Perhaps, but this is the 21st Century.  Even inefficient, corrupt and wasteful politicians can do little things to improve matters.   Take something that is ‘small’ but still costs the parents of students preparing for A/Ls millions of rupees: past papers.  What does it cost for the Education Department to post all past papers of all subjects on a website?  Most schools have computers now.  Many do not, but then again there are some 600 state-run cyber-cafes spread throughout the country. These are complemented by thousands of other such internet cafes.  Why should children have to purchase these from third parties?

Why can’t the syllabi for all subjects be made available online?  There are thousands of children who play chess in this country.  Chess books are expensive.  Software is expensive.  And yet, the top players are not literature-starved.

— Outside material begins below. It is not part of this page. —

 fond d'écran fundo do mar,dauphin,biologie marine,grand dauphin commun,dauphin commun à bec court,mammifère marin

They download e-books and relevant software from the internet.  It is not difficult to post tutorials on the internet. It is not difficult to post model answers to questions.  It is not too expensive to establish call centers to answer questions that students pose. 

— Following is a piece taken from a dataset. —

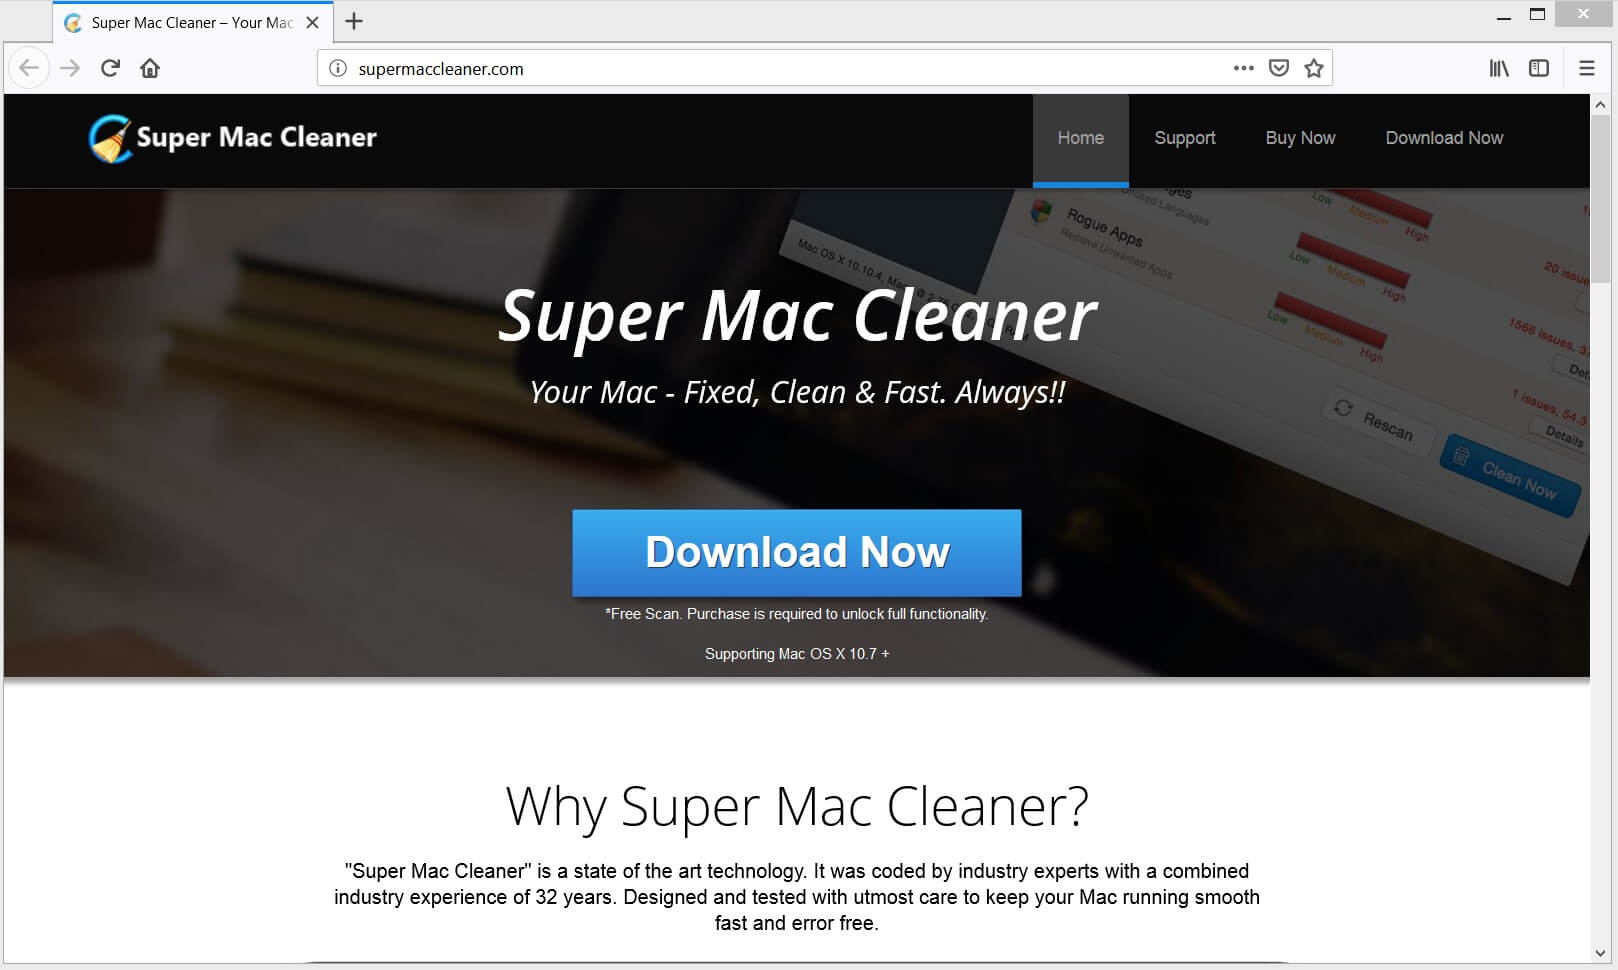 super mac cleaner potentially unwanted program official website sensorstechforum guide

Close to 50% of all children who enter Grade I fail to make it to the A/L. This is 130,000 children a year.  They are the structurally ignored.  Then there are the 100,000 who fail the A/Ls. The University Grants Commission has proudly announced that this year 22,000 will enter university.  The relevant authorities in the Education Ministry are silent about the 100,000 who qualify but are stopped at the gate with the dismissive ‘No room, sorry!’

Let’s catch these numbers again.  We have 130,000 who fail the O/L.  We have 100,000 who fail the A/L.  We have another 100,000 who qualify to enter university but for whom there is no room.  We have to keep in mind that we are talking of children on whom the state has invested at least 13 years by way of free education, free books, free school uniforms, free meals etc.  That’s colossal. 

The little things have to be done. The big things are said to be getting done.  It might take time, but we need the policy and the implementation.  If not, we are not going to get to aashcharya, we won’t be a ‘Asian Wonder’ or a ‘Miracle of Asia’.  We will remain ‘Sri Lanka: Ok, sort of’.  The tragedy is that we don’t have to be!

The Sunday School Vs Tuition Class is therefore a digression and this too on a peripheral manifestation of a core social problem.  It is not the starting point.  Bandula Gunawardena, Minister of Education and tuition master, can’t be ignorant of the issues.  The policy has been articulated clearly in Mahinda Chinthana – Idiri Dekam.  There’s been enough talk.  Let’s see something solid now.  Yes, the ‘small things’ as well as the ‘big things’.  Let’s keep sticking plaster out for now.